I suggest making it an option. The other usage is slightly different

  • we can leave it out for now (if needed can be changed later).

David

congh updated this revision to Diff 31177.Jul 31 2015, 4:29 PM

Update the patch by making the loop-to-cold-block-ratio an option.

djasper edited edge metadata.Oct 7 2015, 7:42 AM

Why only do this if profile data is available? Are we scared that the statically derived probabilities are off by too much?

How does this affect nested loops? Is the 'outlined' block still in the outer loop? I am not sure which one would be better, but maybe we should add a comment and a test to document the behavior?

Should there be some minimum size for the block to be outlined?
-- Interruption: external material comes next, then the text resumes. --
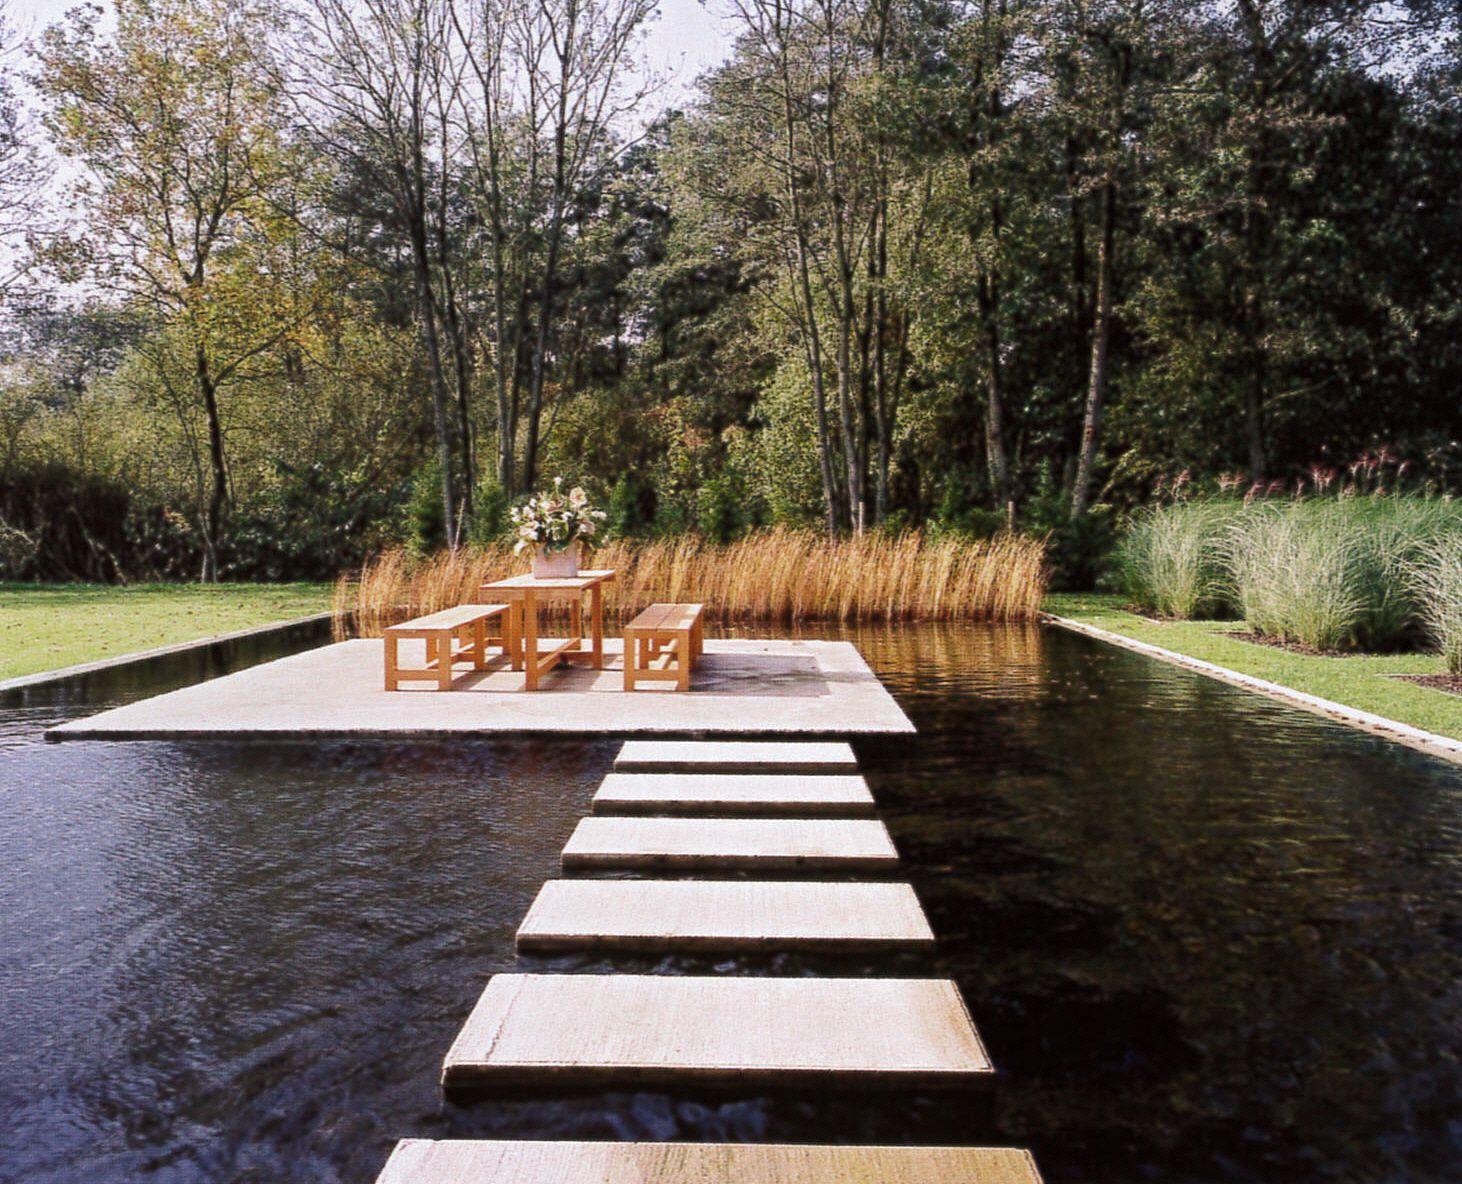 Pin by Kellen Goodell on Landscapes+Gardens | Pinterest | Decking ...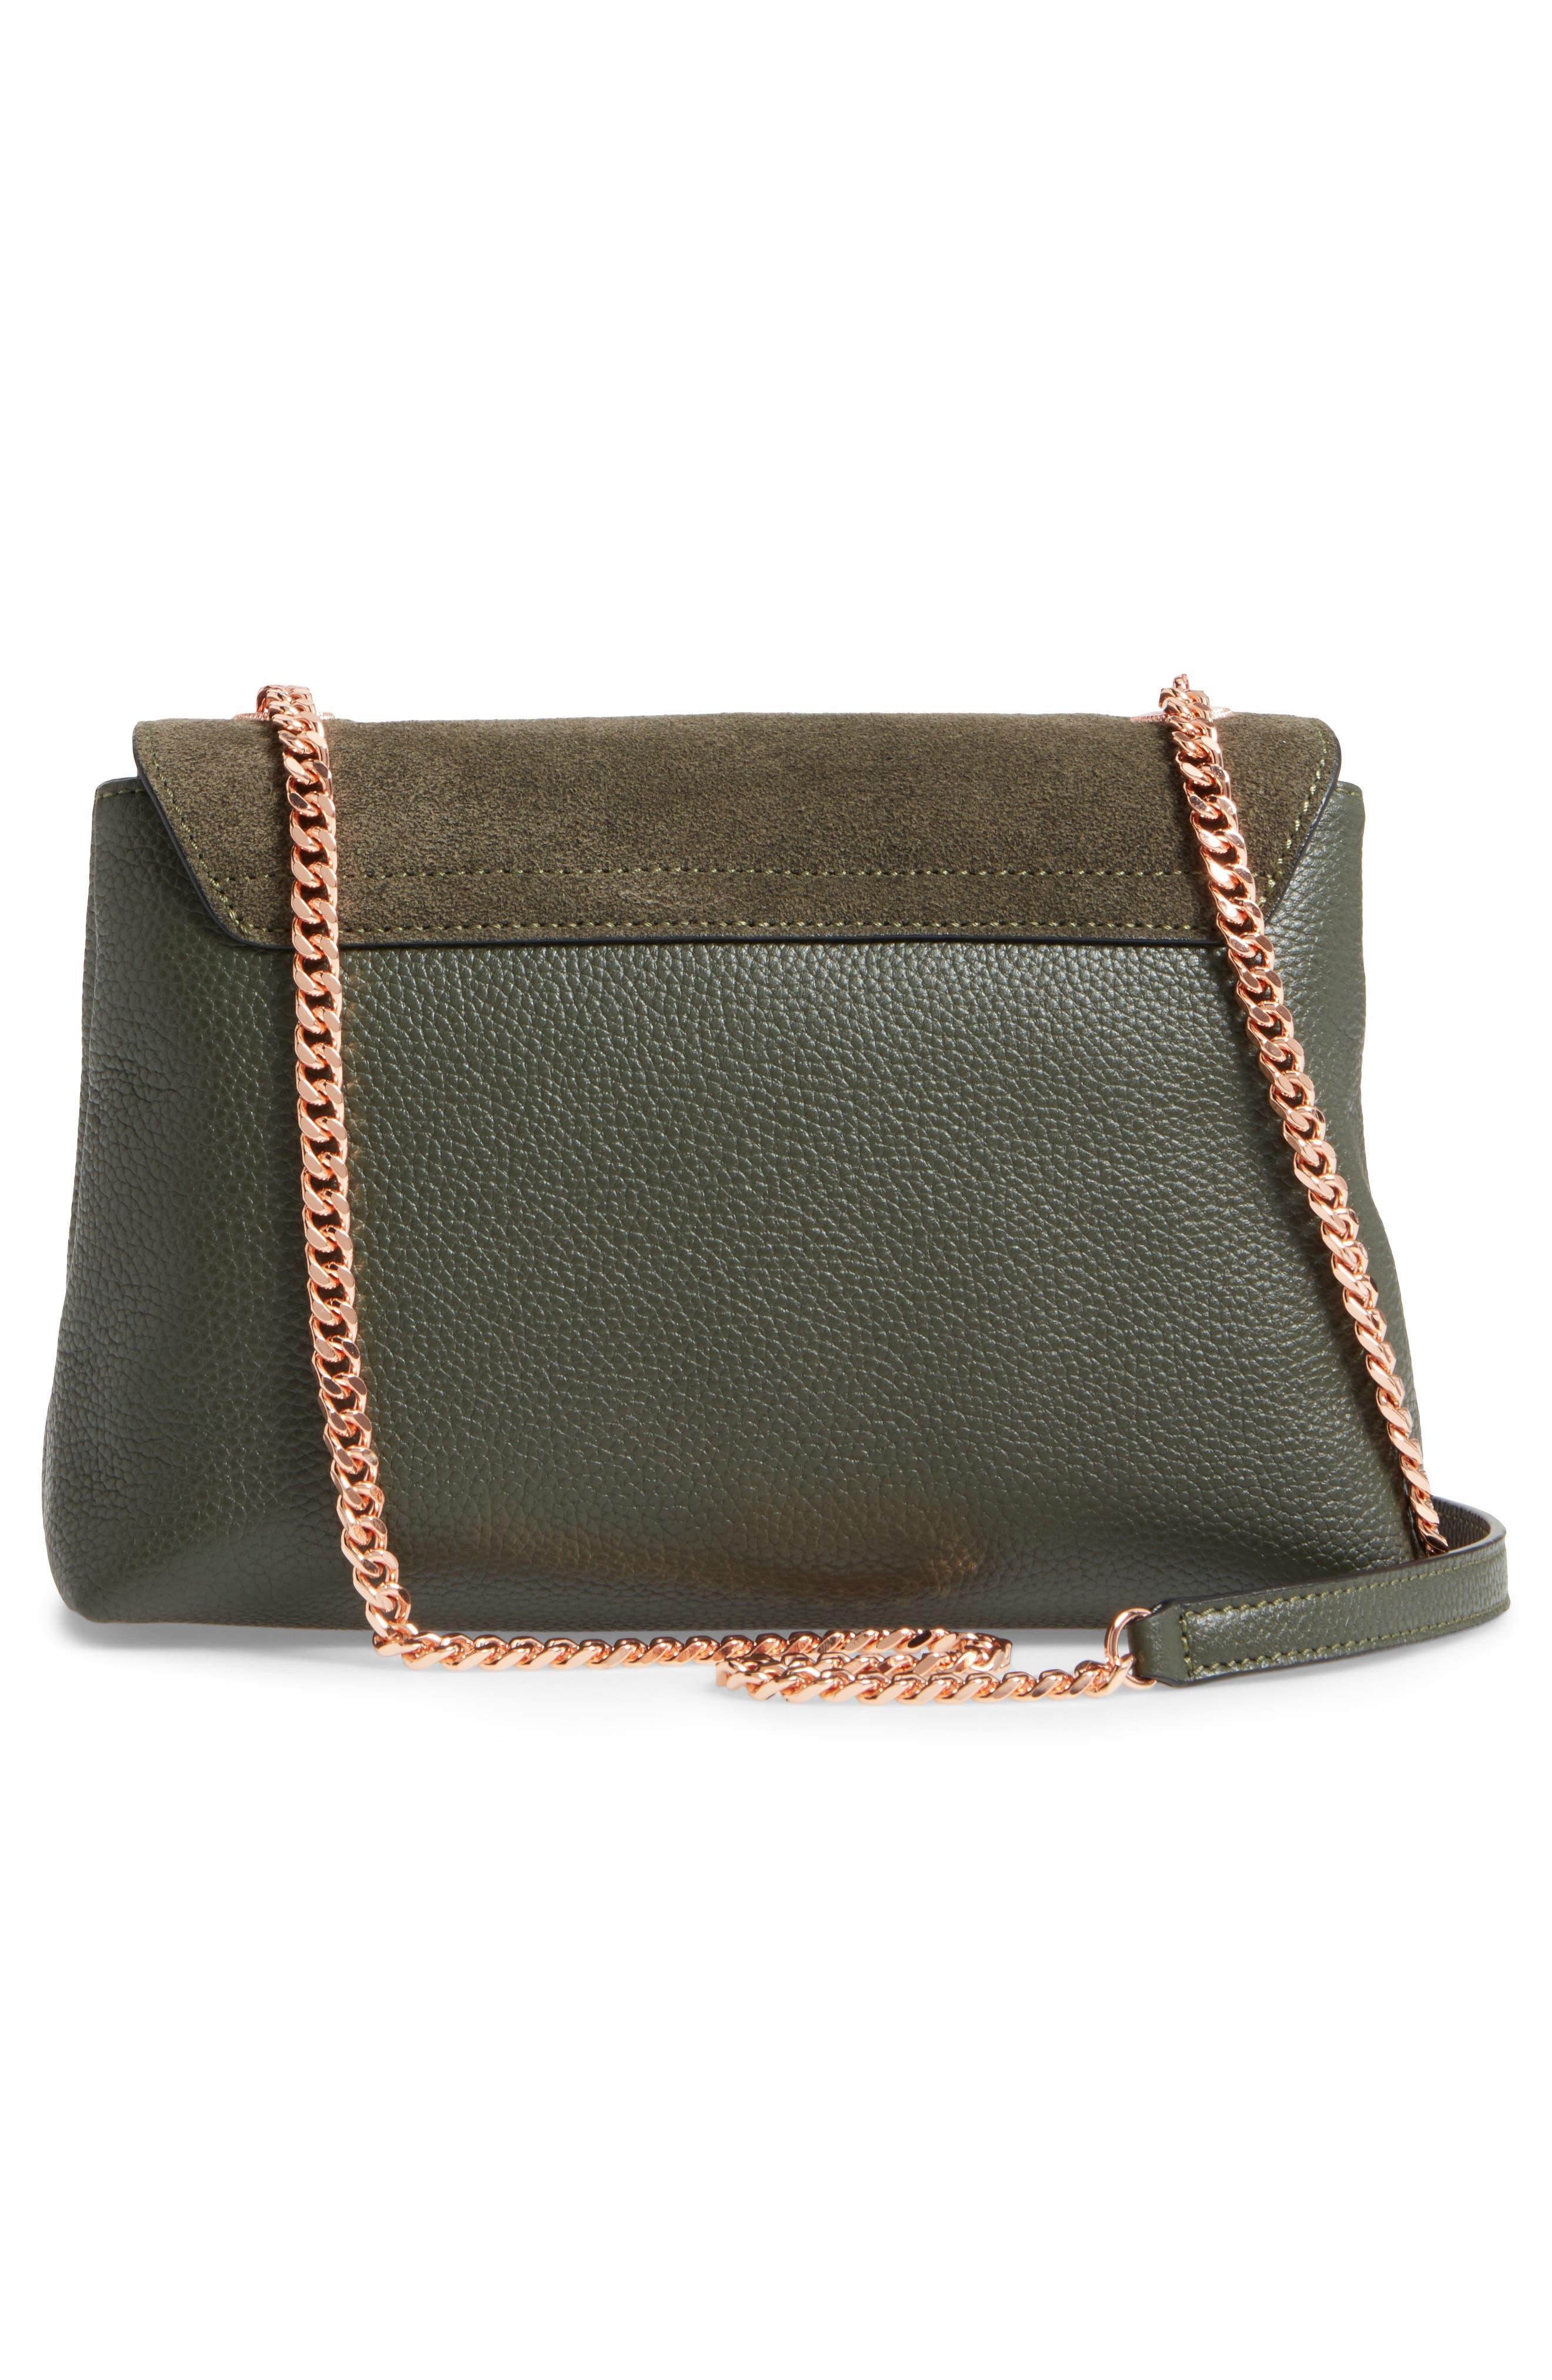 Sorikai Leather & Suede Crossbody Bag,                             Alternate thumbnail 2, color,                             Khaki

A very short block will still increase branch count, but not really affect cache locality. For those, the trade-off might be different.

congh added a comment.Oct 12 2015, 5:07 PM

Why only do this if profile data is available? Are we scared that the statically derived probabilities are off by too much?

Without precise profile data, it is safer to put all blocks of the same loop together: if hot blocks are scattered into several places at the runtime, we will get very poor cache locality.

How does this affect nested loops? Is the 'outlined' block still in the outer loop? I am not sure which one would be better, but maybe we should add a comment and a test to document the behavior?

You can treat each loop as a function: for an inner loop, if a block is cold, it will probably put together with blocks of its outer loop. But this is also determined by whether that block is cold or not in the outer loop (e.g., its frequency is more than 20% of the frequency of the outer loop). That says, we keep passing this cold block to outer loops until it is not cold in that outer loop anymore. I have updated the comment and explained this. I also updated the test case with a nested loop for which a block is cold for the inner loop but not cold for the outer loop.

Should there be some minimum size for the block to be outlined? A very short block will still increase branch count, but not really affect cache locality. For those, the trade-off might be different.

If we consider not to outline cold but very short blocks, we should do it uniformly in other cases. Take a diamond branch for instance:

A; if (...) B; else C; D;

Suppose B is very cold but very short, should we layout this branch as ACBD..., or ACD...B?

One optimization I could think out is that we can put B as close as possible to D without affecting overall branch cost.

congh updated this revision to Diff 37201.Oct 12 2015, 5:31 PM
congh edited edge metadata.

Update the patch according to Daniel's comments.

Sorry for the delay -- I will try to find some time to review it.

David

Please put the block set computation code into a helper function -- LGTM with that. Also how do you come up with the 5/1 ratio?

congh added a comment.Nov 2 2015, 10:33 AM

Ping?

Please put the block set computation code into a helper function -- LGTM with that. Also how do you come up with the 5/1 ratio?

OK. The 5/1 ratio complies with the ratio that is used in selectBestSuccessor(): when the loop has only one iteration, this will lead to similar result if we treat the loop as a non-loop by removing back edges.

congh updated this revision to Diff 38968.Nov 2 2015, 12:43 PM

Update the patch according to David's comment.

This revision was automatically updated to reflect the committed changes.